From: Frederick Hirsch <frederick.hirsch@nokia.com>
Date: Wed, 29 Jul 2009 10:54:14 -0400
Cc: Frederick Hirsch <frederick.hirsch@nokia.com>, Scott Cantor <cantor.2@osu.edu>, "'XMLSec WG Public List'" <public-xmlsec@w3.org>
Message-Id: <815DDECD-ED26-4CCF-B03A-A2E6B4BC9649@nokia.com>
To: "edsimon@xmlsec.com" <edsimon@xmlsec.com>
Ed

comment inline, suggestion that we may need additional revision to  
6.6.3 if we go with your proposed change.

regards, Frederick

Frederick Hirsch
Nokia



On Jul 28, 2009, at 8:31 PM, ext Ed Simon wrote:

> OK, so I'm looking at the C14N test cases in
>
> http://www.w3.org/TR/2008/NOTE-xmldsig2ed-tests-20080610/
>
> and I see there are some that introduce non-well-formed XML node- 
> sets as
> input to canonicalization. However, I don't see any examples in the  
> C14N
> 1.1 specification that deal with non-well-formed input node-sets and
> much of the text seems to imply input node-sets represent well-formed
> docs. (Let me know if you see something to the contrary.)
>
> So, I would suggest the following:
>
> 1) That the line in the W3C Canonicalization 1.1 specification that
> states
>
> "The first parameter of input to the XML canonicalization method is
> either an XPath node-set or an octet stream containing a well-formed  
> XML
> document."
>
> be changed to
>
> "The first parameter of input to the XML canonicalization method is
> either an octet stream or an XPath node-set.
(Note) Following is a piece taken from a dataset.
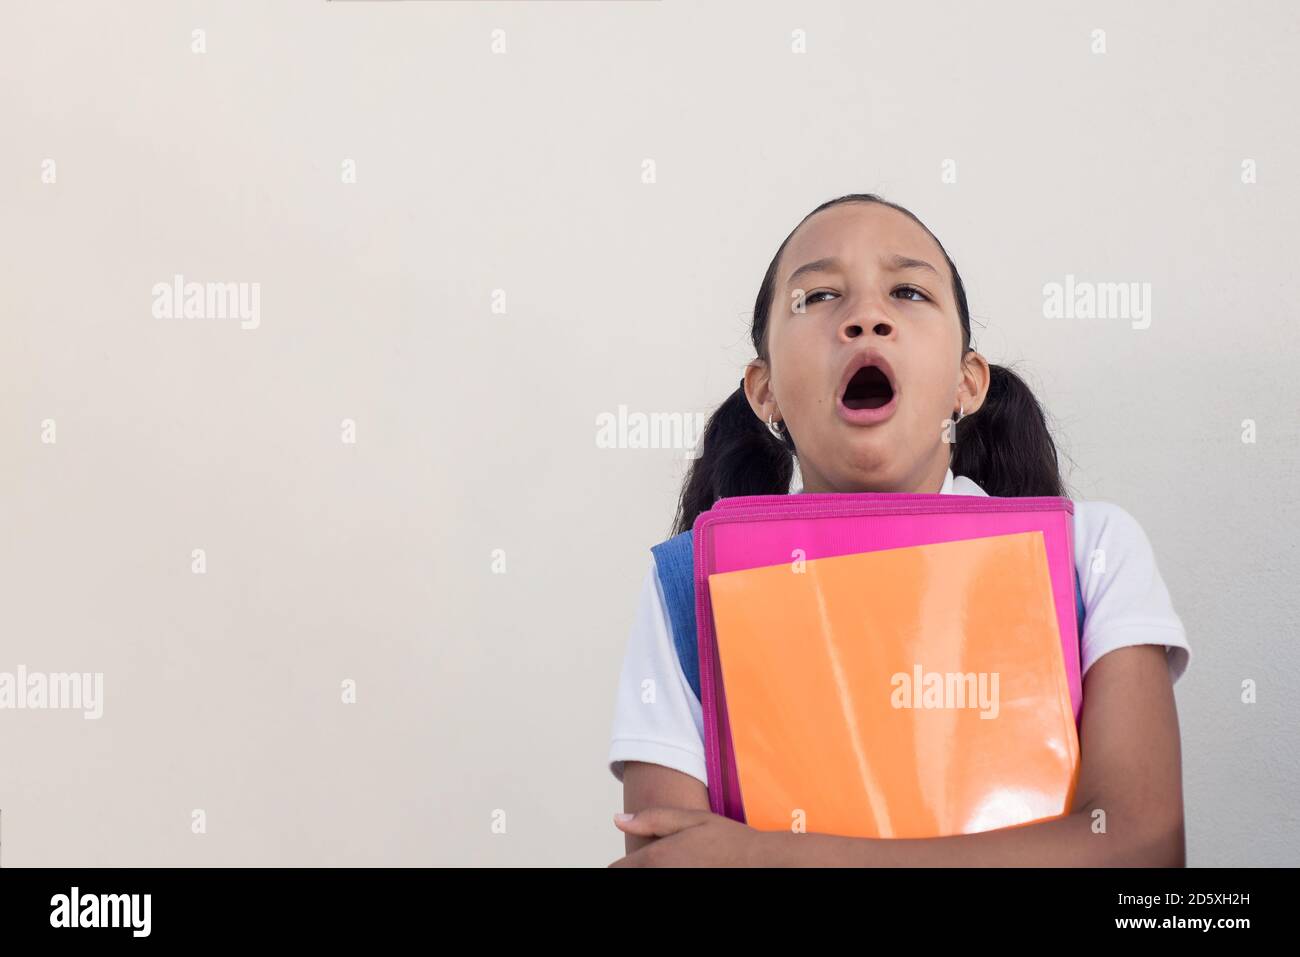 School girl yawning with notebooks and folders in hand. Boredom in school concept. Copy space for text. Stock Photo

If it is an octet stream,
> the octet stream must contain a well-formed XML document."
>
> 2) Add some examples of canonicalizing non-well-formed input node sets
> to the C14N specification (they can be taken from the interop test
> cases).
>
> 3) A minor typo: look for any instances of "node set" in the C14N
> specification that should be "node-set".
>


we have to decide whether to update C14N 1.1 or simply go toward C14N2.0

>
> Now, re the description of XPath Filtering in the XML Signature
> specification. What one specifies in the <dsig:XPath> element is not  
> an
> XPath expression but an XPath Predicate Expression that when evaluated
> will be prepended with "(//. | //@* | //namespace::*)" to form the
> actual XPath expression that will be evaluated.
>
> As such, I propose the first sentence in section 6.6.3 which states
>
> "The normative specification for XPath expression evaluation is  
> [XPath].
> The XPath expression to be evaluated appears as the character  
> content of
> a transform parameter child element named XPath."
>
> be changed to
>
> "The normative specification for XPath expression evaluation is  
> [XPath].
> [XPath] defines "predicate expressions" (have link) which provide a
> boolean qualifier to node-set specifications. In the XML Signature  
> XPath
> Filtering transform, the node-set specification is defined as "(//.
> | //@* | //namespace::*)" and the predicate expression for that node- 
> set
> specification is specified through the content of the <XPath> element.
>
> For example, this XPath Filtering element
>
> <XPath>
> @signMe='true'
> </XPath>
>
> will result in the following XPath expression being evaluated against
> the input node-set:
>
> (//. | //@* | //namespace::*)[@signMe='true']
>
> ".
>
>

I'm not sure this change is absolutely necessary, since the text in  
6.6.3 seems to discuss this in the following paragraph, though I  
think  what you propose could result in a more readable and  
understandable section:

[[
The input required by this transform is an XPath node-set or an octet- 
stream. Note that if the actual input is an XPath node-set resulting  
from a null URI or shortname XPointer dereference, then comment nodes  
will have been omitted. If the actual input is an octet stream, then  
the application MUST convert the octet stream to an XPath node-set  
suitable for use by Canonical XML with Comments. (A subsequent  
application of the REQUIRED Canonical XML algorithm would strip away  
these comments.) In other words, the input node-set should be  
equivalent to the one that would be created by the following process:
	 Initialize an XPath evaluation context by setting the initial node  
equal to the input XML document's root node, and set the context  
position and size to 1.
	 Evaluate the XPath expression (//. | //@* | //namespace::*)

]]

I think what you have suggested is much clearer. If we adopt it, do we  
need to simplify/revise this second paragraph and the rest of the  
section  as well? Can you please look at the whole section and  
indicate what other changes you would make (or did you plan to remove  
the existing material and replace with your proposal?)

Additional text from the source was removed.